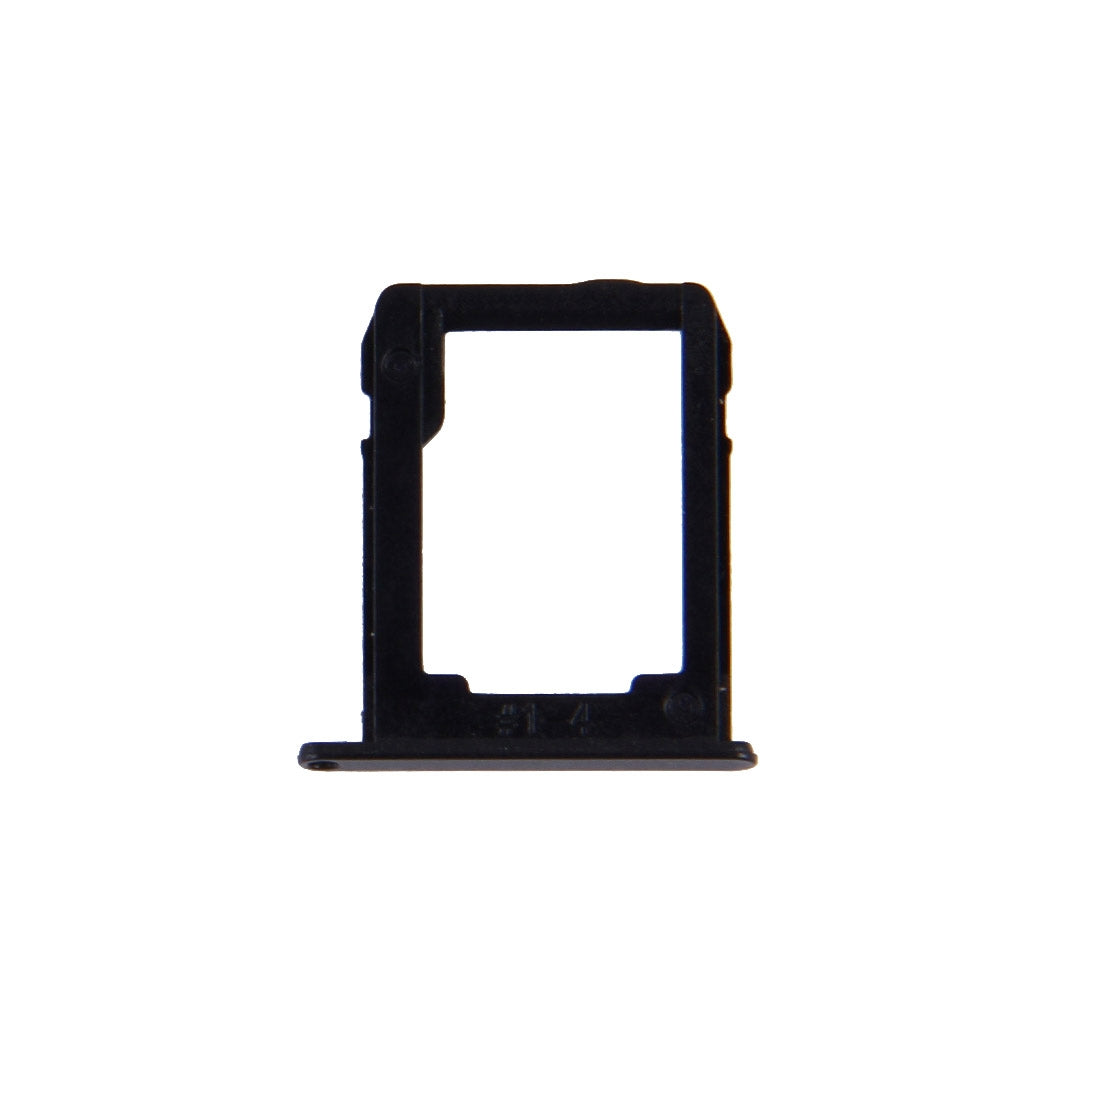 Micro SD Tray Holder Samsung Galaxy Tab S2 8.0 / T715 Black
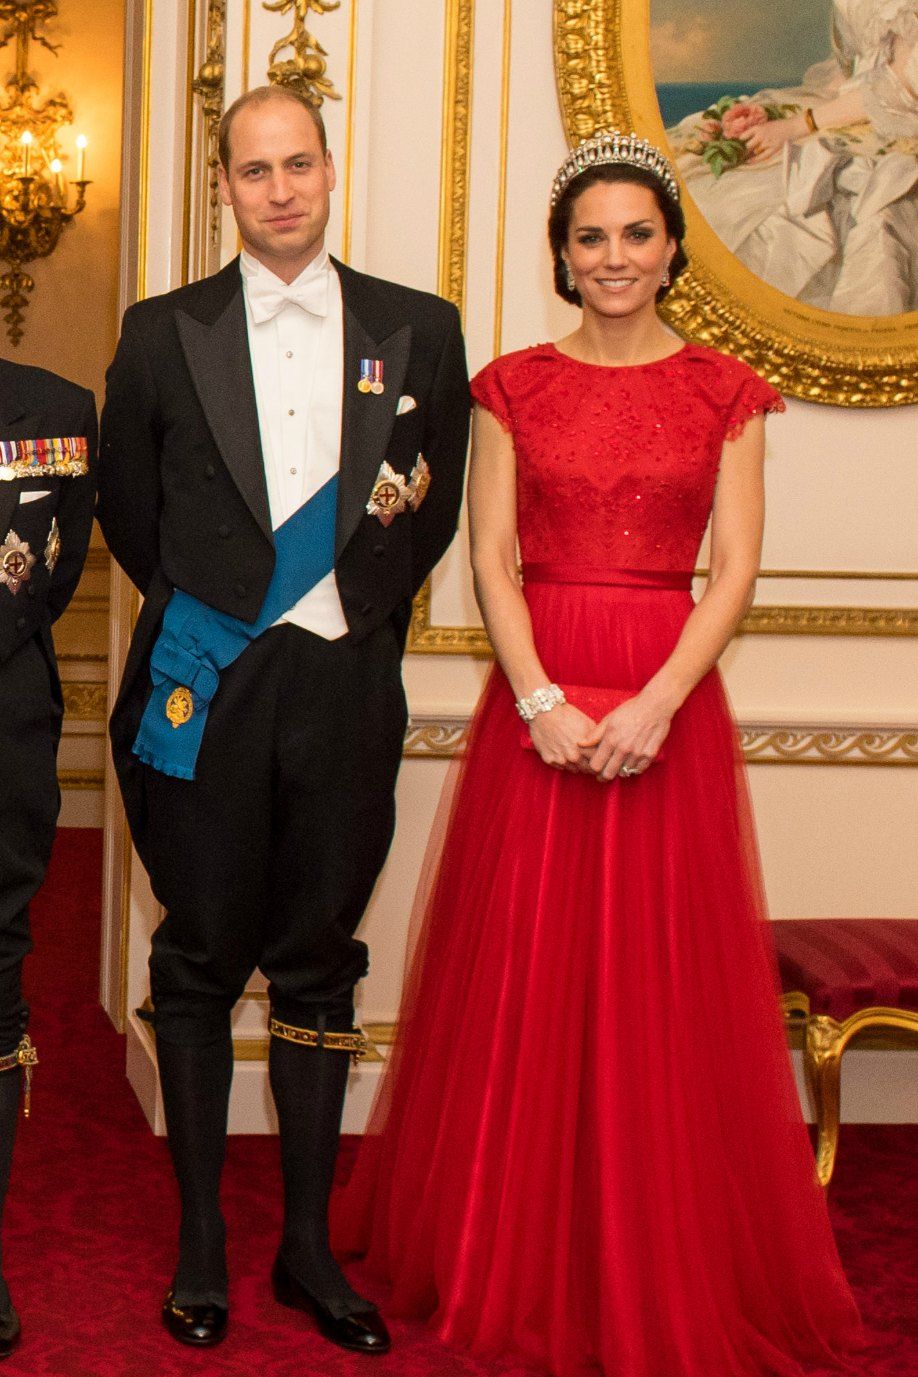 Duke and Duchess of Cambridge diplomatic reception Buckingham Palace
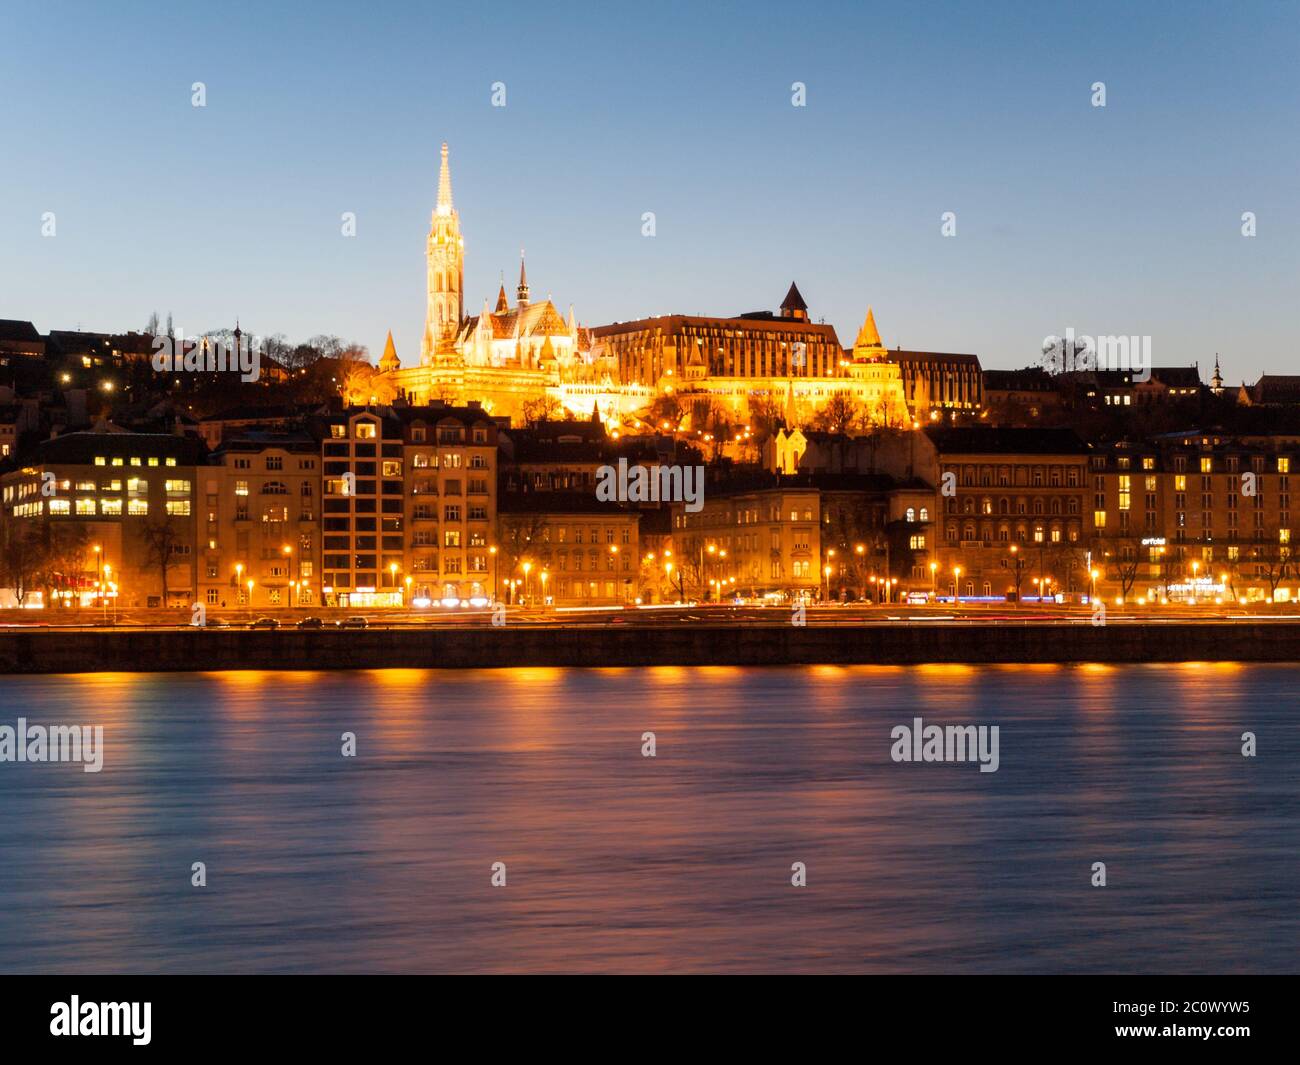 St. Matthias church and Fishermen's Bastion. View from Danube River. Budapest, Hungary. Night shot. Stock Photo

*-*-*

▶ [Task goal] Return every line above verbatim, pictures excluded.

▶ [Exercise answer]
 Micro SD Tray Holder Samsung Galaxy Tab S2 8.0 / T715 Black
 Duke and Duchess of Cambridge diplomatic reception Buckingham Palace
 St. Matthias church and Fishermen's Bastion. View from Danube River. Budapest, Hungary. Night shot. Stock Photo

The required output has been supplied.